A data search device specifies a first cluster that is closest to an input query, specifies another cluster that is different from the first cluster that includes the target data and whose distance from the input query is within the first distance, by using a first distance indicating a distance from the position of the input query to the center of the first cluster, extracts the target data that belongs to the other cluster and whose distance from the input query is within the first distance or the target data that belongs to the other cluster and whose distance from the center of the other cluster is greater than a second distance and searches the target data similar to the input query from the target data that belongs to the first cluster and the target data that is extracted from the other cluster.

Description

    CROSS-REFERENCE TO RELATED APPLICATION
  • This application is based upon and claims the benefit of priority of the prior Japanese Patent Application No. 2016-148562, filed on Jul. 28, 2016, the entire contents of which are incorporated herein by reference.
  • FIELD
  • The embodiment discussed herein is related to a computer-readable recording medium, and the like.
  • BACKGROUND
  • In recent years, there is a similarity search process, such as image search, voice search, or the like, that searches for data similar to a query from enormous amount of unstructured data in a database and outputs the data to be searched. In the similarity search process, the processing time is increased because 1) an amount of searched target data is enormous, 2) an amount of data is daily increased, 3) an amount of individual data is large, and the like. Consequently, there is a need to speed up the similarity search process.
  • A description will be given of an example of a conventional technology that speeds up the similarity search process. FIG. 13 is a schematic diagram illustrating a conventional technology 1. For example, in the conventional technology 1, by performing clustering, a plurality of pieces of data is classified to a plurality of clusters 1 to 8. The conventional technology 1 compares a position 10 of a query with the region of the clusters 1 to 8 and determines the cluster that includes the query. The conventional technology 1 performs a similarity search process by using a query on the data that is included in the determined cluster. In the example illustrated in FIG. 13, because the cluster that includes the query is the cluster 5, the conventional technology 1 performs the similarity search process on the data, as the target, that is included in the cluster 5.
  • However, as described in the conventional technology 1, if the search target is limited to a single cluster, the data that is originally similar may sometimes be excluded and the accuracy of the similarity search may possibly be degraded. In contrast, there is a conventional technology 2.
  • FIG. 14 is a schematic diagram illustrating the conventional technology 2. In the conventional technology 2, the cluster overlapped with a region 10 a centered on the position 10 of the query is determined. The conventional technology 2 performs the similarity search process by using a query on the data that is included in the determined cluster. In the example illustrated in FIG. 14, because the clusters overlapped with the region 10 a are clusters 5, 6, and 8, the conventional technology 2 performs the similarity search process on the data, as the target, that is included in the clusters 5, 6, and 8. These related-art example are described, for example, in Japanese Laid-open Patent Publication No. 2009-294855, WO Publication No. 2016/001998, Japanese Laid-open Patent Publication No. 2014-146207, Japanese National Publication of International Patent Application No. 2007-521565, Japanese Laid-open Patent Publication No. 2004-86538 and U.S. Patent Application Publication No. 2005/0171972.

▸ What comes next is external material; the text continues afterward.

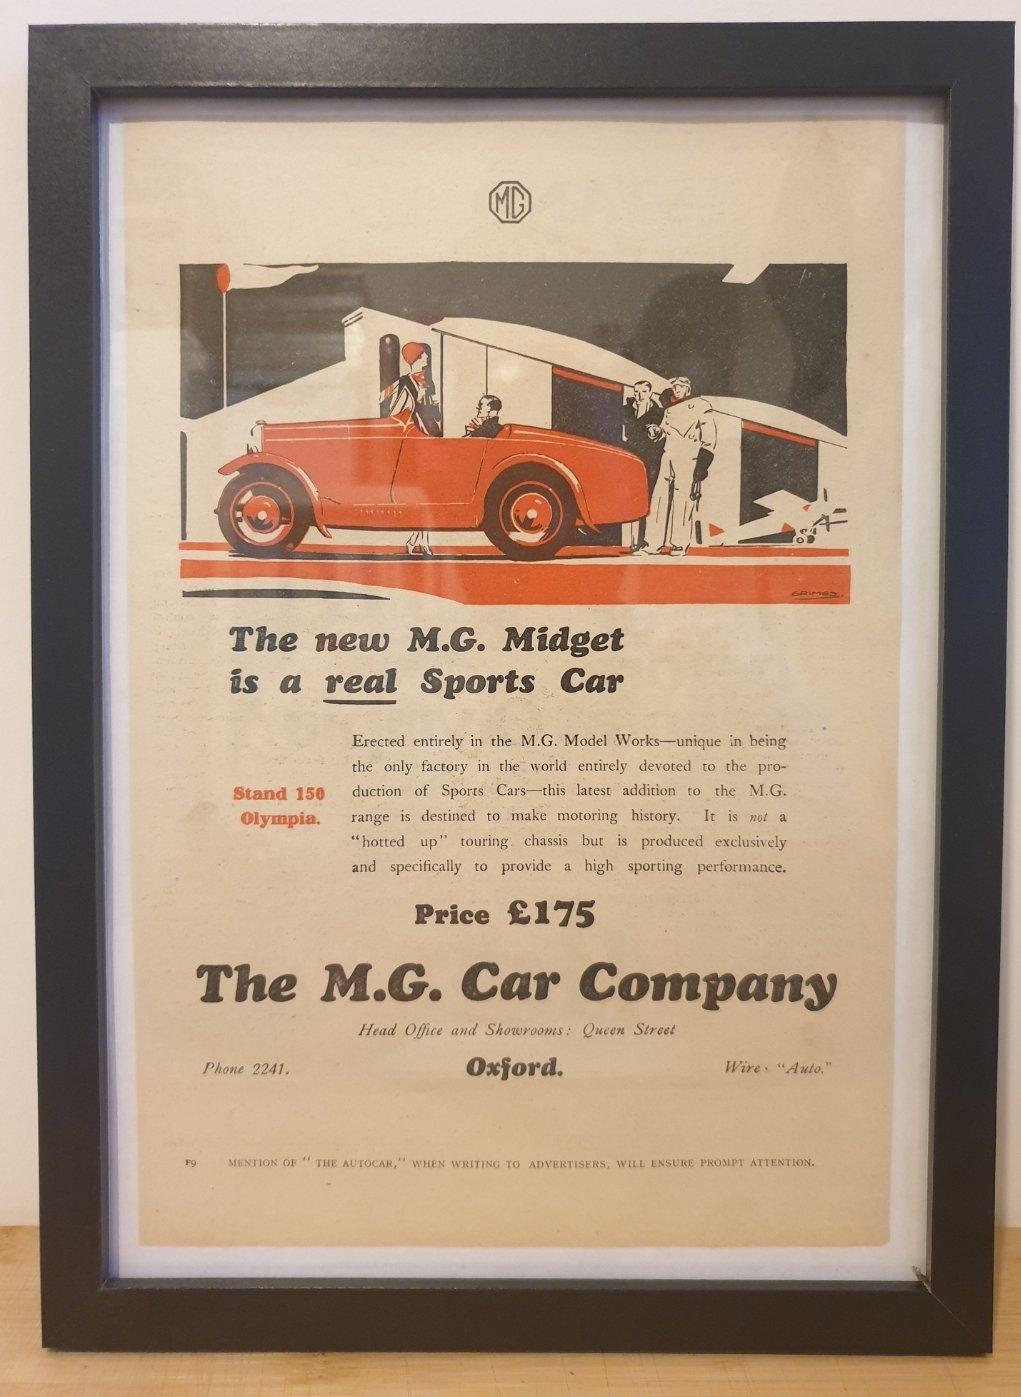 1968 Original 1928 MG Midget Framed Advert  For Sale (picture 1 of 3)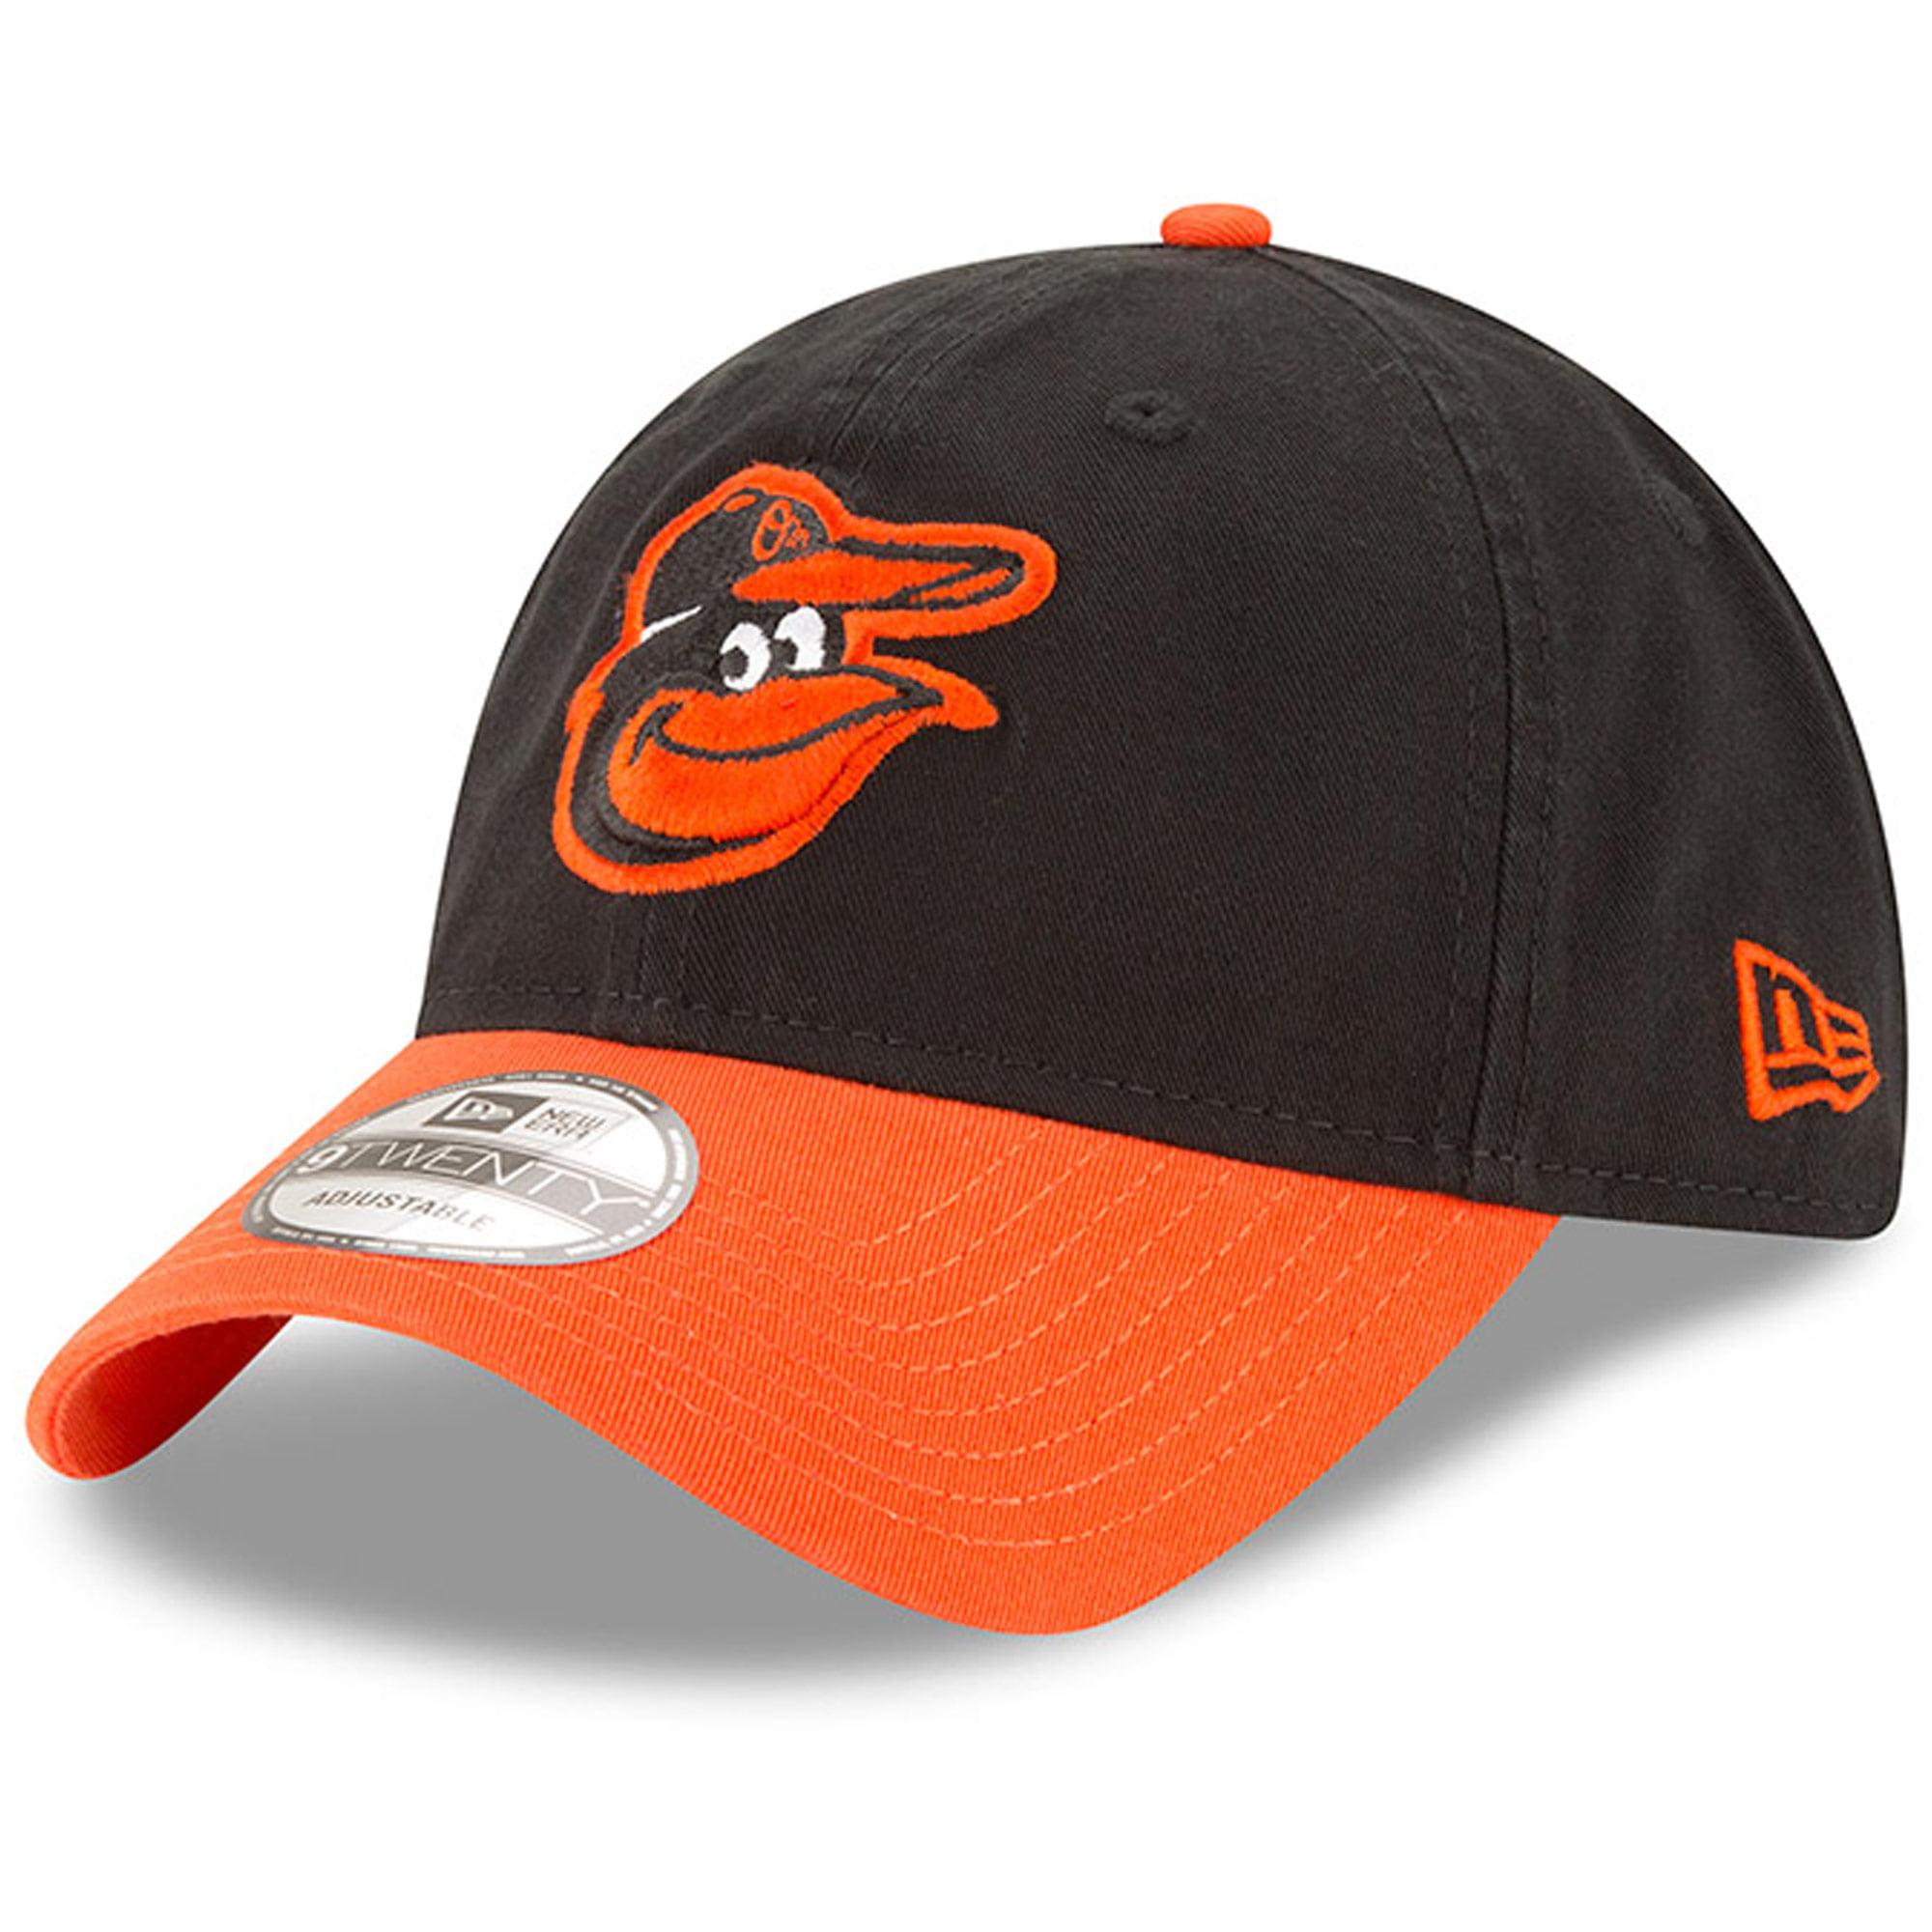 Baltimore Orioles New Era Home Replica Core Classic 9TWENTY Adjustable Hat - Black/Orange - OSFA

  • However, in the conventional technologies described above, there is a problem in that it is not possible to appropriately set a search target of a query at a low calculation cost.
  • For example, in the conventional technology 2 described above, the accuracy of the similarity search can be improved when compared with the conventional technology 1; however, because an amount of data targeted for the similarity search is increased in units of clusters, a calculation cost is increased.
  • SUMMARY
  • According to an aspect of an embodiment, a non-transitory computer-readable recording medium has stored therein a data search program that causes a computer to execute a process including: first specifying a first cluster that is closest to an input query based on a plurality of clusters formed by a plurality of pieces of clustered target data that have been subjected to bit vectorization and based on the input query that has been subjected to bit vectorization; second specifying another cluster that is different from the first cluster that includes the target data and whose distance from the input query is within the first distance, by using a first distance indicating a distance from the position of the input query to the center of the first cluster; extracting the target data that belongs to the other cluster and whose distance from the input query is within the first distance or the target data that belongs to the other cluster and whose distance from the center of the other cluster is greater than a second distance; and searching the target data similar to the input query from the target data that belongs to the first cluster and the target data that is extracted from the other cluster.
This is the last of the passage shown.